The Million Random Digit Challenge
I've mentioned my Million Random Digit Challenge here before. In a nutshell, I've posted a file of a million random decimal digits, packed into binary form, and challenged all comers to compress it. The proof is required to be a Kolmogorov-style work: a program that when run creates a perfect copy of the original file. The only requirement is that the program (plus any associated data file) be smaller than the target million digit file.
People have been attempting to meet this challenge since 2002 with no luck. The file was specifically designed by geniuses at RAND not to have any recognizable statistical patterns, and apparently this goal was accomplished quite well. And what do most compression programs do? Look for statistical patterns. Fail.
Classic statistical techniques are just not going to do it for this problem. I think the only chance to win this prize is to use something I've often disparaged, which I call Magic Function Theory.
The idea behind Magic Function Theory is that we come up with some short but sweet generator function that can create a long sequence.

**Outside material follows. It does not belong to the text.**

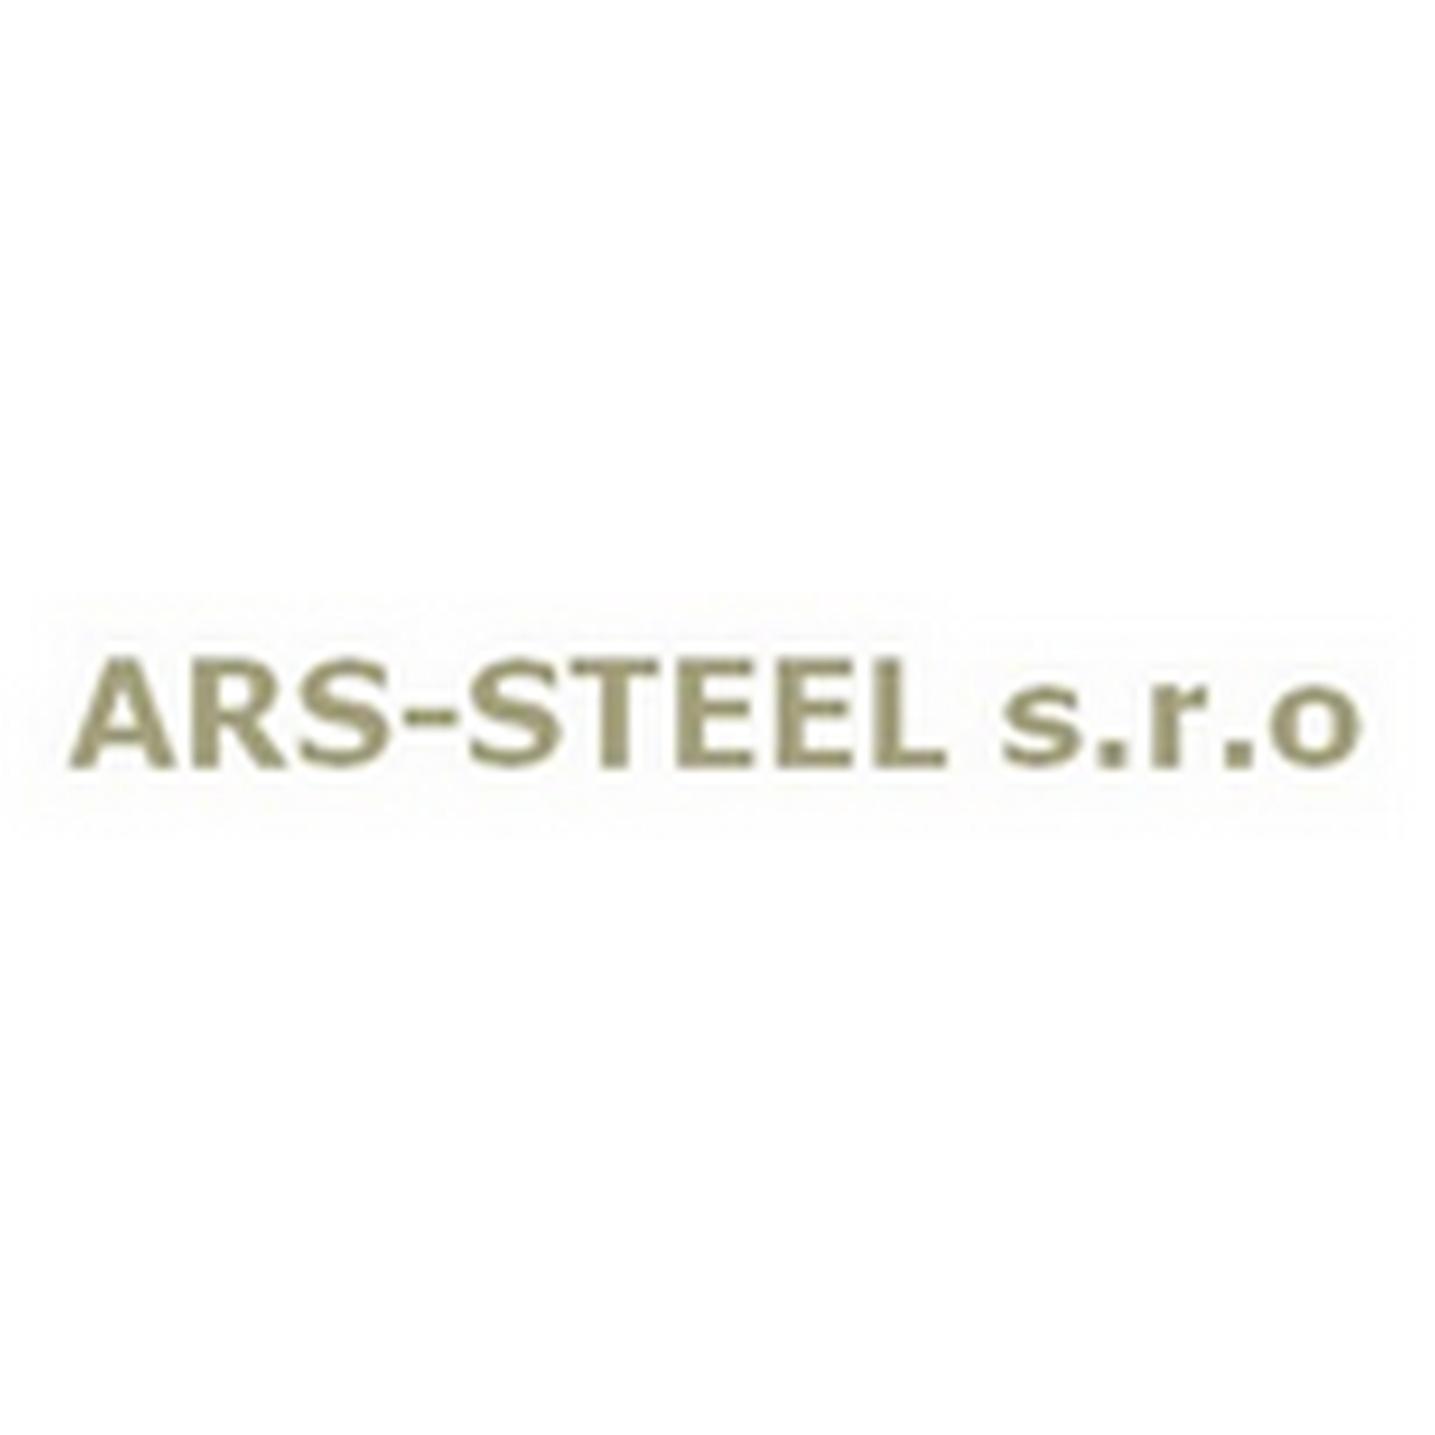 ARS STEEL s.r.o.

Just as an example, I can create a magic function for any sequence imaginable using just three things:
- A program that generates the digits of pi. This program will be quite short.
- An offset into that string of digits.
- A length of the string starting at that offset.
I believe (IANAM) that this system will provably generate all sequences of digits. Of course, how long would we have to go to find the million random digits? Here's where it gets interesting. We might have to go quite a distance, but what if the offset to the million random digits turns out to be an easily compressible number? What if the million random digits appear at position 374,567,11114,127,269 - 623,557,570,925? If that were the case, we could represent the million random digits in a few hundred bytes - quite an accomplishment.
Another approach might be to look for polynomials that generate the million digit number. What if there was some short polynomial of the form kn + j that generated the number, where k, n, and j were representable using some nice compact format?
The final suggestion I will toss out for consideration is to use prime numbers. Find the nth prime number, p(n), that is closest to the million digit number, then add in an offset. The simple formula p(n) + k has a shot at generating our target. (Note the downside to this is that n will be heartbreakingly large. It won't contain a million digits, but it will only be a bit shorter. There are a lot of primes.)
These are the kind of ideas that motivate a lot of dreamers out there, and it is at least a good intellectual exercise to think about how one would go about solving the problem this way. The prime number test, for example, appears to be unsolvable today - p(n) is only known for prime numbers up to something like 1018.
As the prime number analysis shows, it is just very difficult to deal with the hunt when the target is a million digits long. To win at this I suspect raw computer power would be less important than theoretical and algorithmic foundations.
A little analysis shows one thing: you wouldn't just have to be lucky to win with any of these approaches. You would have to be staggeringly, incredibly lucky - as if you were the one elementary particle in the entire universe selected for a lottery prize. If you doubt it, try using some of these tests for say, 10 digit numbers, and see what you would need to do to compress the key values to less than 10 digits.
But despite the odds, many will still continue the hunt. Perhaps this post will give them some ideas on new approaches.